-- GIVEN DATA --
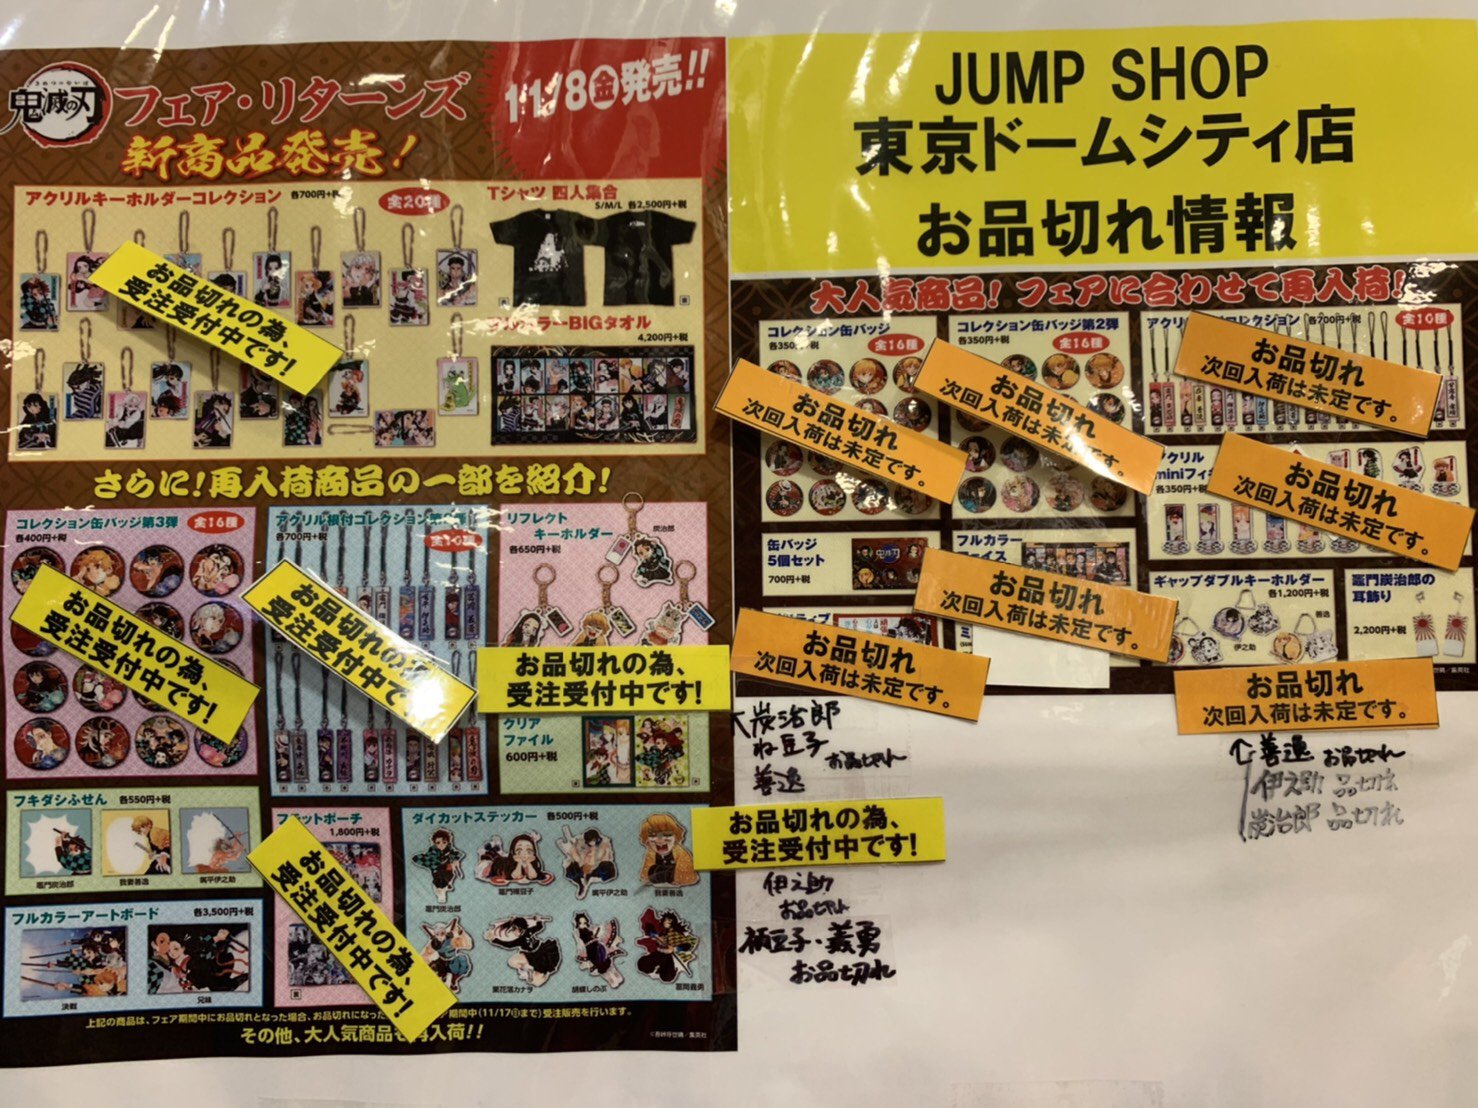 ジャンプショップ Jump Shop 公式 鬼滅の刃 フェア リターンズ在庫状況 Jump Shop東京ドームシティ店の在庫状況は 写真の通りとなります 何卒よろしくお願いいたします T Co Mzlz1ghbmu Twitter
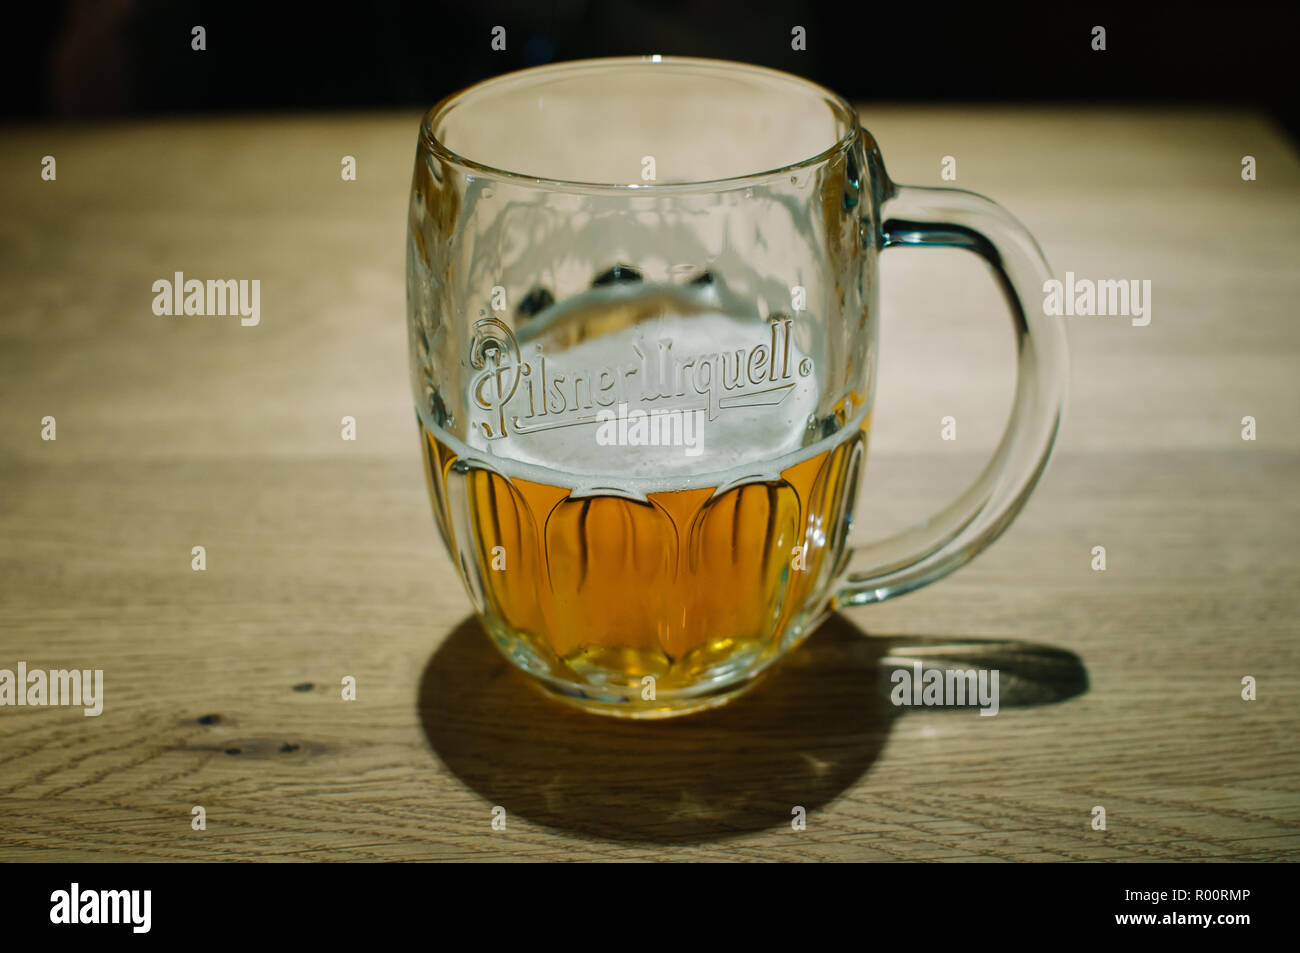 Bicchiere mezzo pieno di birra ceca Pilsner Urquell, a Praga, Repubblica Ceca Foto Stock
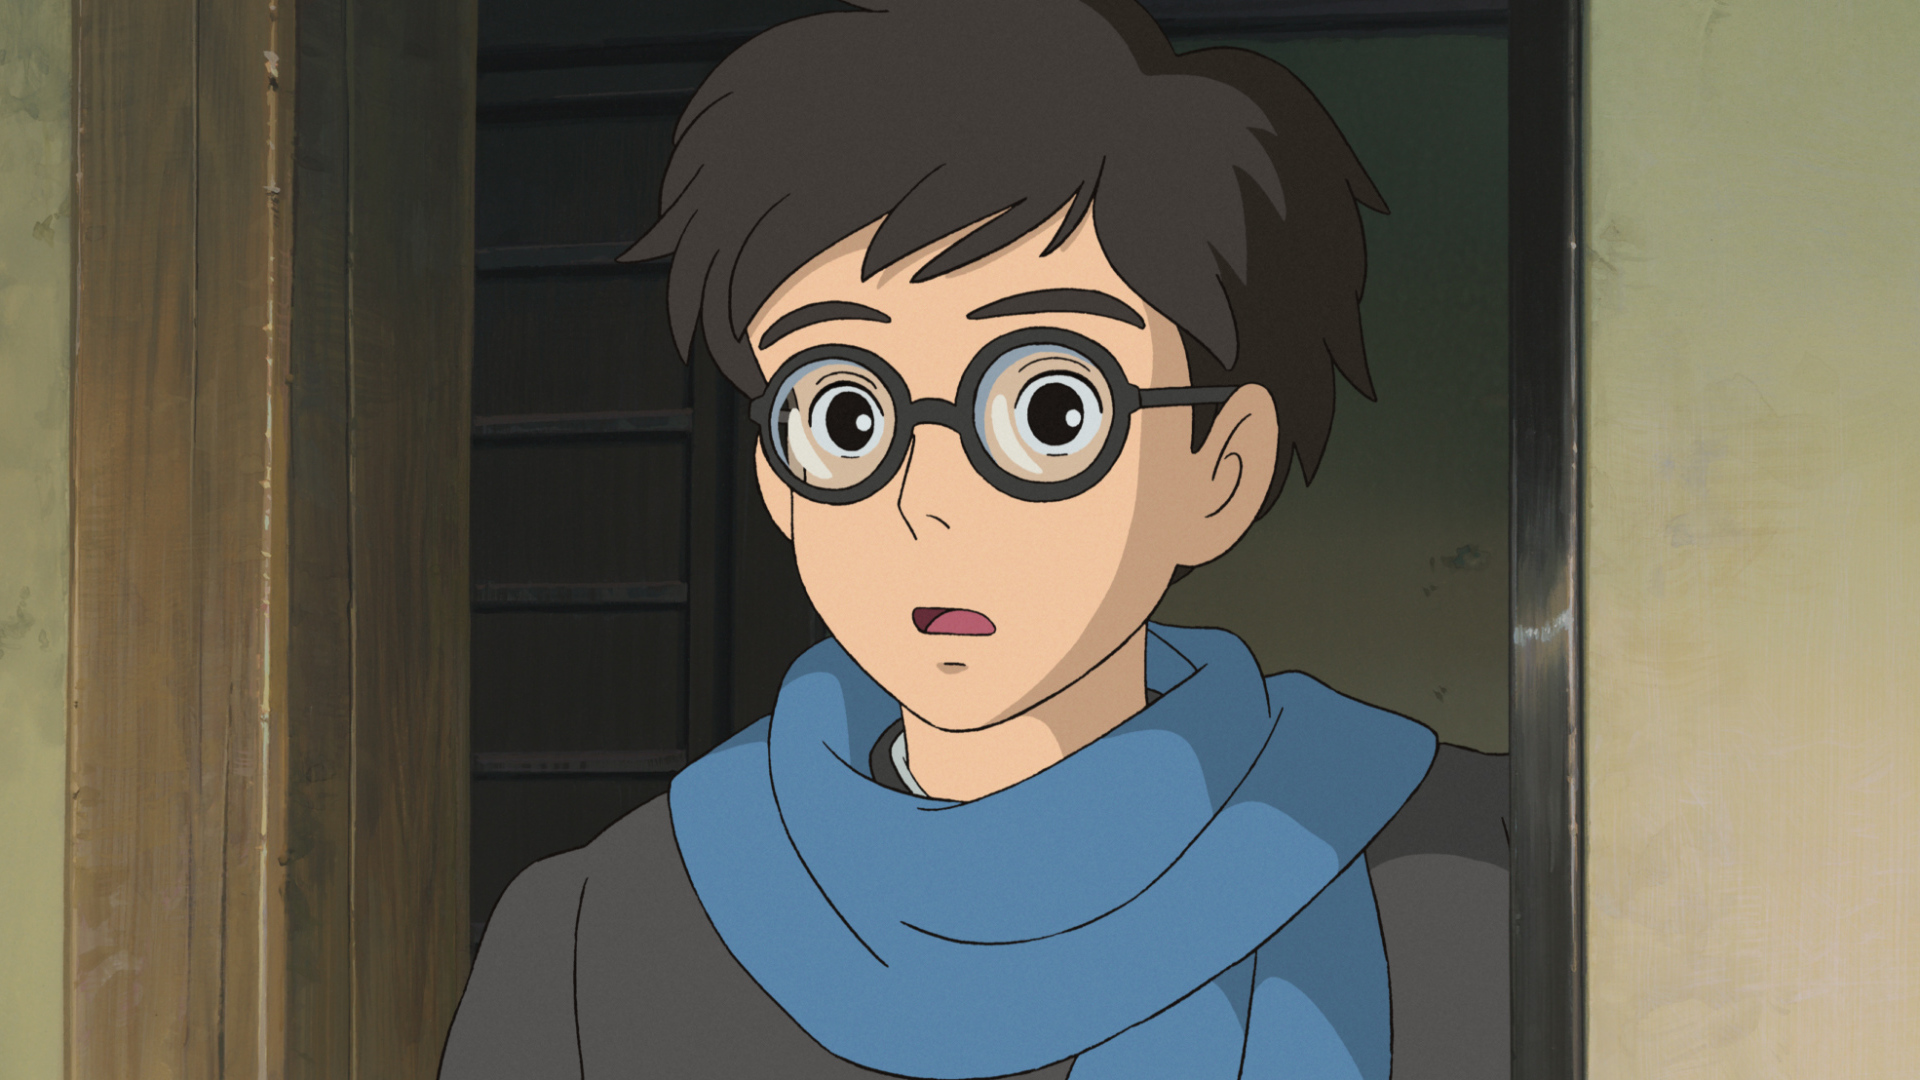 Miyazaki Kaze tachinu, a boy with glasses
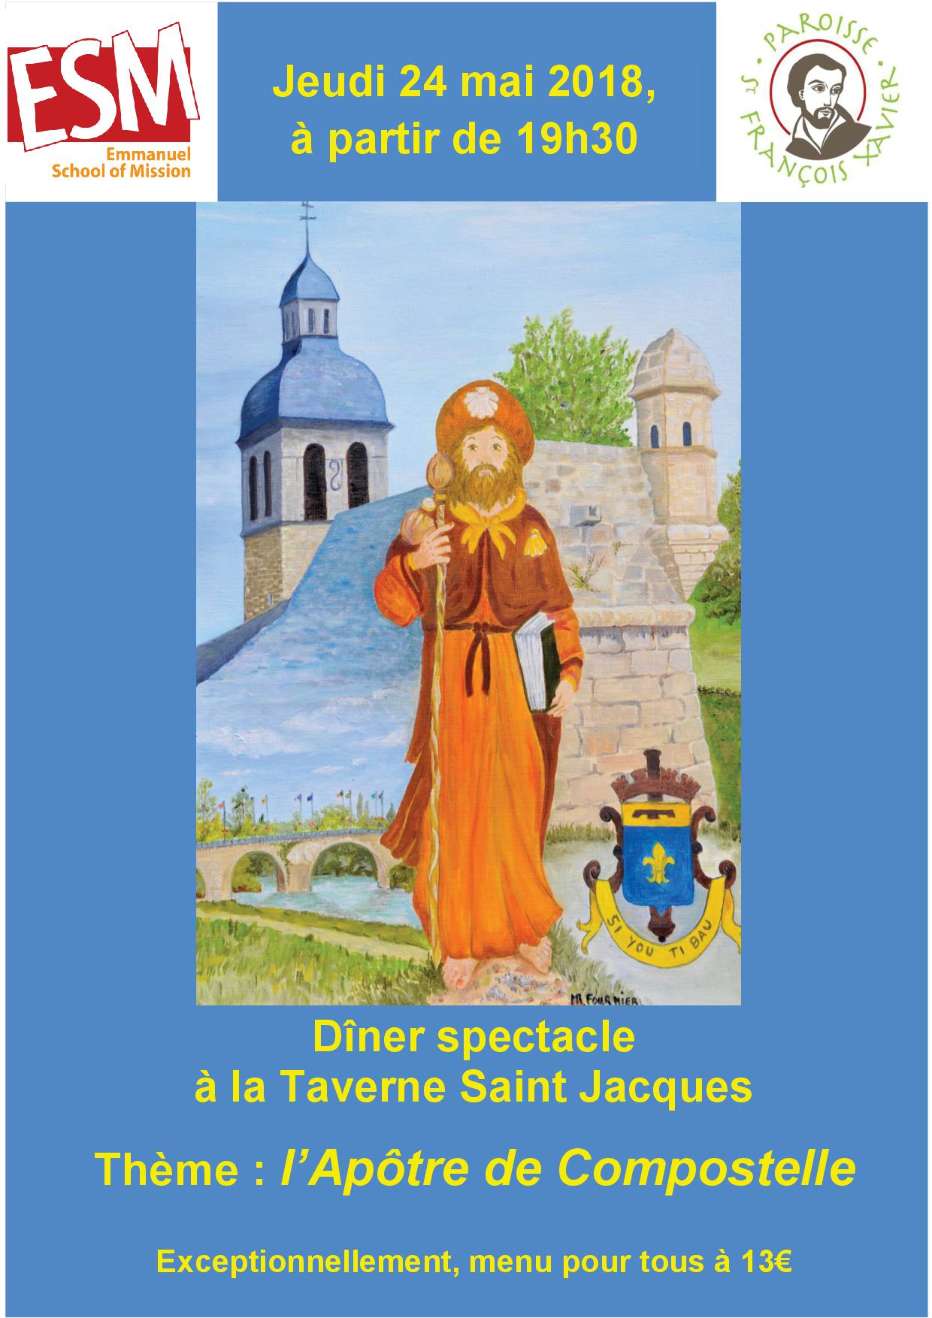 Dîner spectacle jeudi 24 mai à la taverne St Jacques sur "l'Apotre de Compostelle"
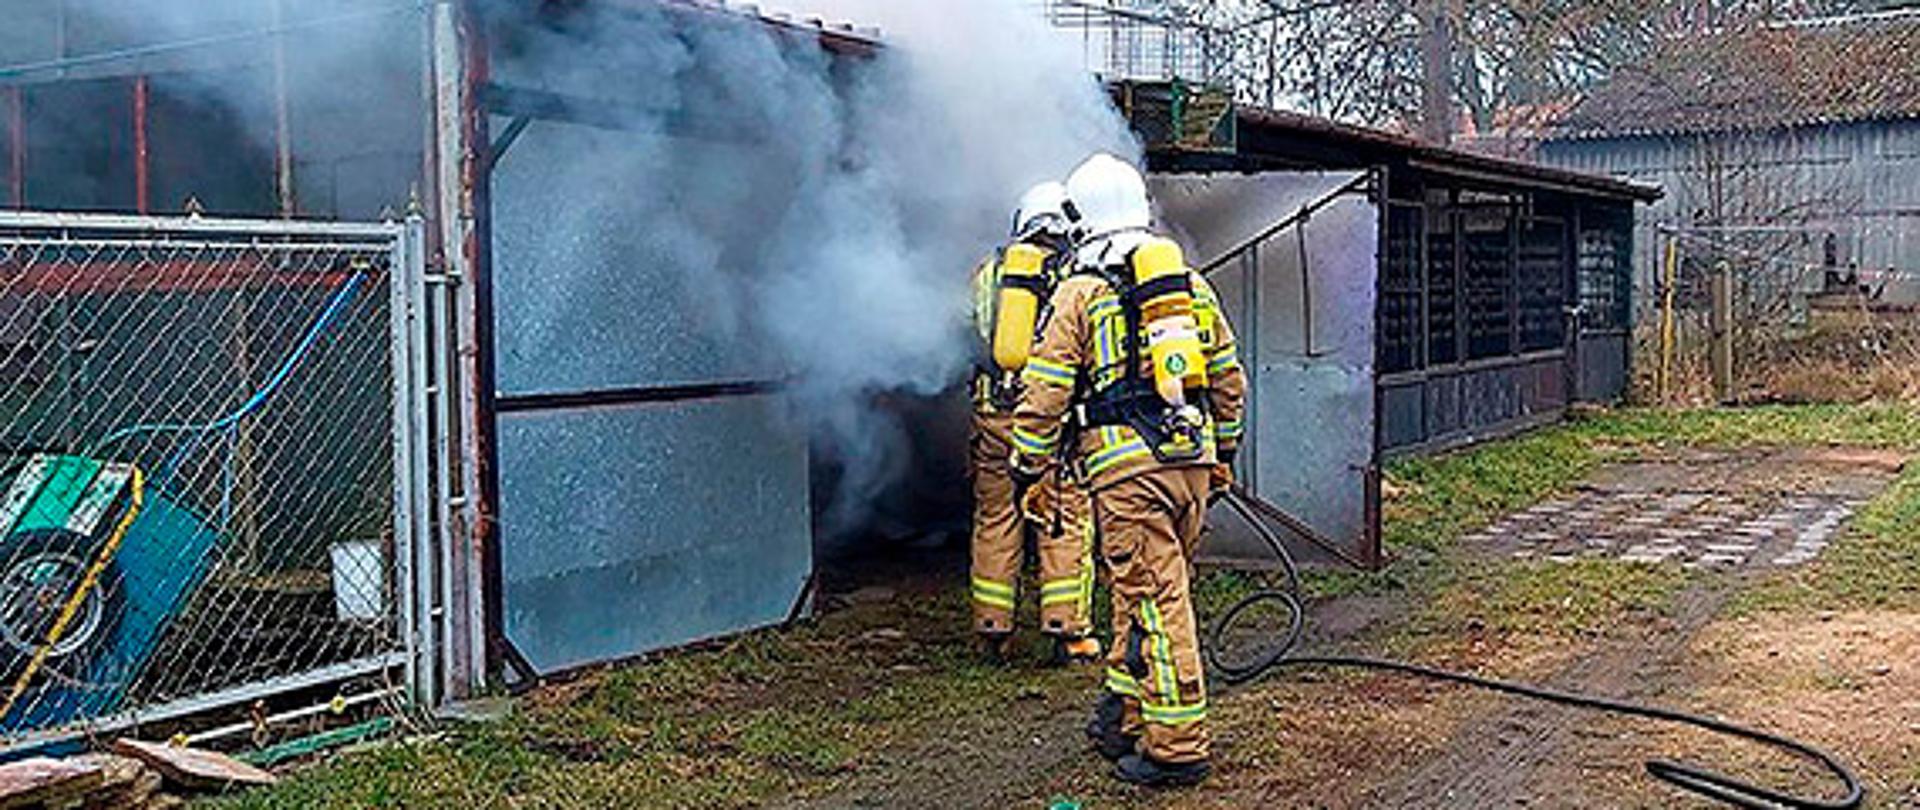 Zdjęcie przedstawia dwóch strażaków ubranych w aparaty powietrzne którzy wchodzą z linią gaśniczą do blaszanego garażu z którego wydobywa się dym.

-- EXERCISE PROMPT --
Each line of the material needs to be given again exactly, without any of its pictures.

-- ANSWER BOX --
 ジャンプショップ Jump Shop 公式 鬼滅の刃 フェア リターンズ在庫状況 Jump Shop東京ドームシティ店の在庫状況は 写真の通りとなります 何卒よろしくお願いいたします T Co Mzlz1ghbmu Twitter
 Bicchiere mezzo pieno di birra ceca Pilsner Urquell, a Praga, Repubblica Ceca Foto Stock
 Miyazaki Kaze tachinu, a boy with glasses
 Dîner spectacle jeudi 24 mai à la taverne St Jacques sur "l'Apotre de Compostelle"
 Zdjęcie przedstawia dwóch strażaków ubranych w aparaty powietrzne którzy wchodzą z linią gaśniczą do blaszanego garażu z którego wydobywa się dym.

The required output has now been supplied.